The `∃` quantifier, called the existential quantifier and read as there exists, lets us write propositions that pertain to AT LEAST ONE individual in a domain.

`∃ n P(n)` means: there exists at least one individual `n` (in some domain) where `P(n)` is true. You can again think of it as a foreach loop:

``````foreach(type n in domain)
{
//we can find at least one time where P(n) is true
}``````

### Universal quantifier example

For example, suppose our domain is all candy bars, and that we have the predicate `isSweet(bar)`, which returns whether `bar` is sweet. We might write:

``∀ x isSweet(x)``

Which we would read as: for all candy bars x, x is sweet, or, more compactly, as: all candy bars are sweet.

### Existential quantifier example

``∃ x isSweet(x)``

We would read it as: there exists at least one candy bar x where x is sweet, or, more compactly, as there exists at least one sweet candy bar.

## Early examples

Suppose our domain is animals, and that we have the following two predicates:

• `isDog(x)`: whether animal x is a dog
• `hasFourLegs(x)`: whether animal x has four legs

Let’s consider what several predicate logic statements would mean in words:

• `∀ x isDog(x)` - translates to: All animals are dogs. This means that EVERY SINGLE ANIMAL in my domain is a dog (which is probably unlikely).
• `∃ x hasFourLegs(x)` - translates to: There exists at least one animal that has four legs.

Next, consider the following proposition:

``∀ x (isDog(x) ∧ hasFourLegs(x))``

This translates to: All animals are dogs and have four legs. This means that EVERY SINGLE ANIMAL in my domain is a dog and also has four legs. While it is possible that this is true depending on our domain, it is unlikely. What if our domain of animals included cats, chickens, etc.?

Perhaps instead we intended to say: All dogs have four legs. Another way to phrase this is, “For all animals, IF that animal is a dog, THEN it has four legs.” We can see from the IF…THEN that we will need to use an implies statement. Here is the correct translation for All dogs have four legs:

``∀ x (isDog(x) → hasFourLegs(x))``

We will usually want to use the `→` operator instead of the `∧` operator when making a claim about ALL individuals.

Finally, consider this proposition:

``∃ x (isDog(x) → hasFourLegs(x))``

This translates to: There exists an animal x, and if that animal is a dog, then it has four legs. Recall that an implies statement `p→q` is true whenever `p` and `q` are both true AND whenever `p` is false. So this claim is true in two cases:

• If our domain includes a dog that has four legs
• If our domain includes an animal that is not a dog

We likely only meant to include the first case. In that case, we would want to say, There exists a dog that has four legs – here is that translation:

``∃ x (isDog(x) ∧ hasFourLegs(x))``

We will usually want to use the `∧` operator instead of the `→` operator when writing a proposition about one/some individuals.

## Predicates from math

All of our examples in this section involved predicates over domains like people, animals, or living things. A different domain that we are used to working with is some set of numbers: the integers, the positive numbers, the rational numbers, etc.

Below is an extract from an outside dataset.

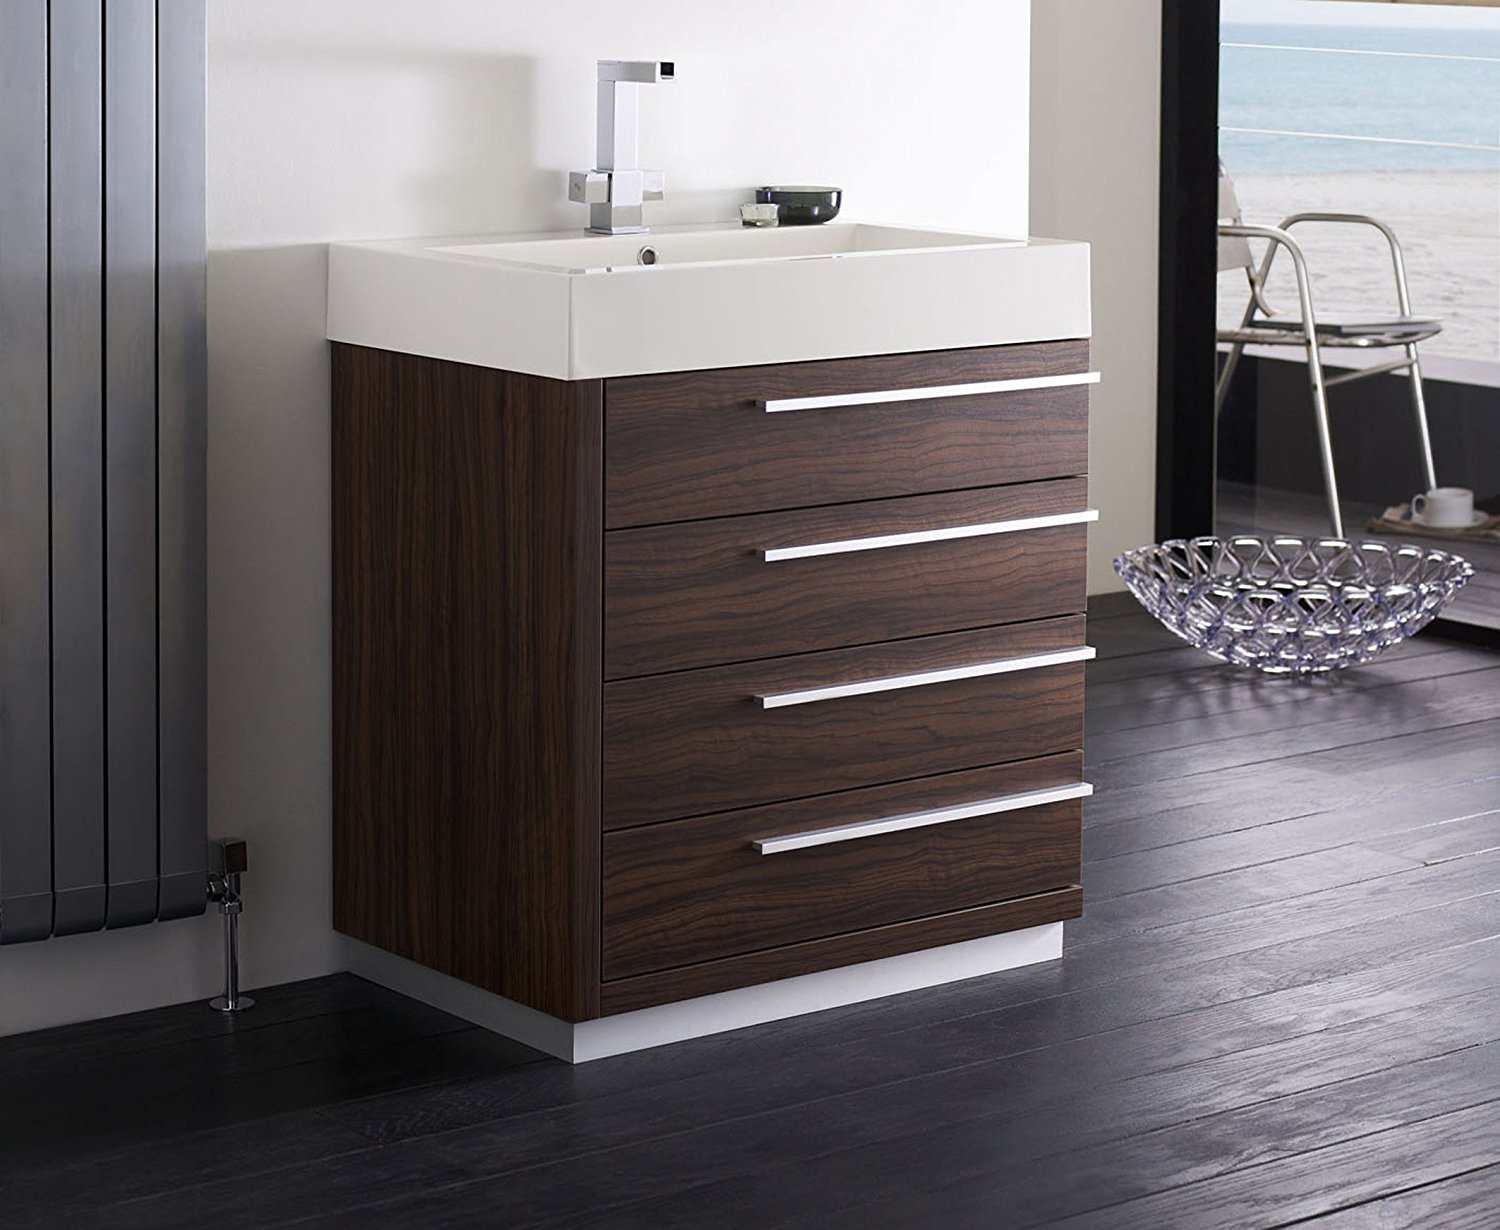 Floor Standing Bathroom Vanity Units - brandnew-furniture

Perhaps our domain is the set of all integers. Then `>` is a predicate with two parameters – `x > y` is defined as whether `x` is bigger than `y`, for two integers `x` and `y`. We might write:

``∀ x (x + 1 > x)``

Because for all integers, `x + 1` is bigger than `x`. We might also write:

``∃ x (x > x * x * x)``

Because -4 > -4 * -4 * -4, i.e., -4 > -64. The same is true for any negative number.

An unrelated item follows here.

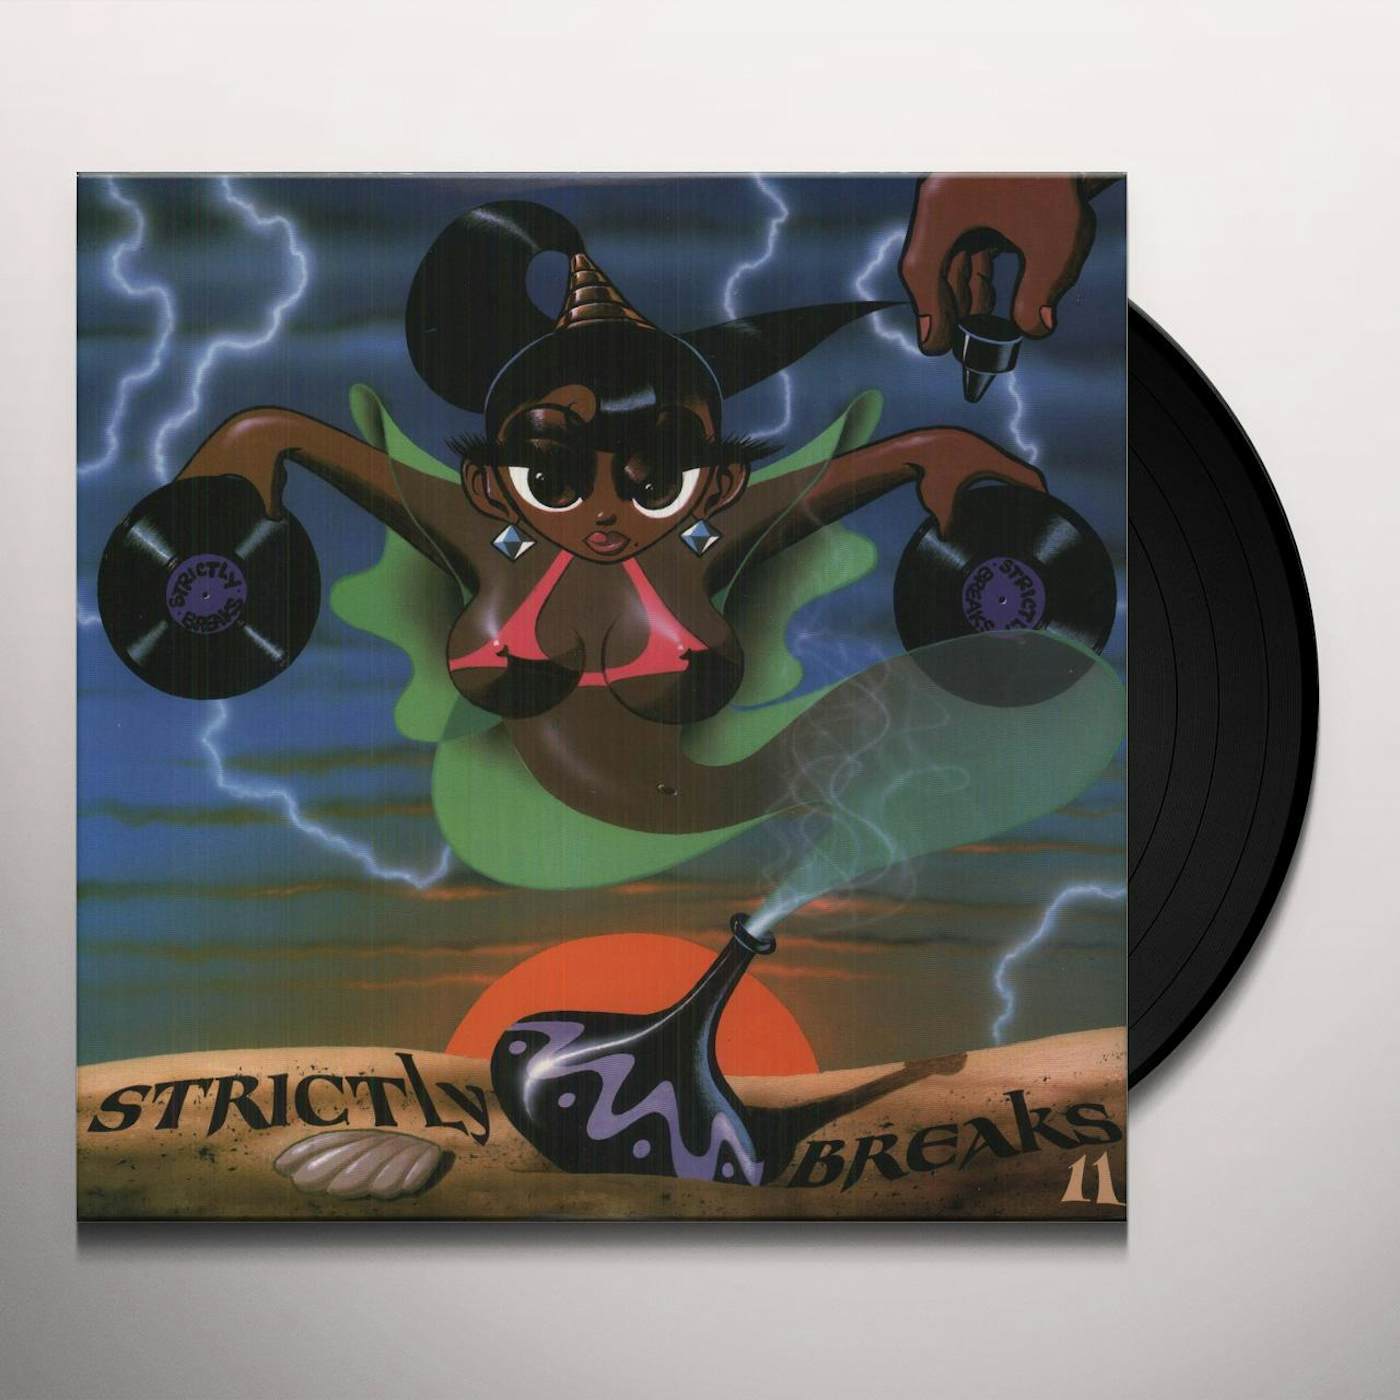 STRICTLY BREAKS 11 Vinyl Record

Other common predicates in math are: `<`, `<=`, `>=`, `==`, and `!=`.

## Quantifier symbols

The official symbol for the universal quantifier (“for all”) is an upside-down A, like this: `∀`. You are welcome to substitute either a capital `A`, or with the word `all` or `forall`. This will be especially handy when we reach Chapter 6 on writing proofs in predicate logic.

The official symbol for the existential quantifier (“there exists”) is a backwards E, like this: `∃`. You are welcome to substitute either a capital `E`, or with the word `some` or `exists`.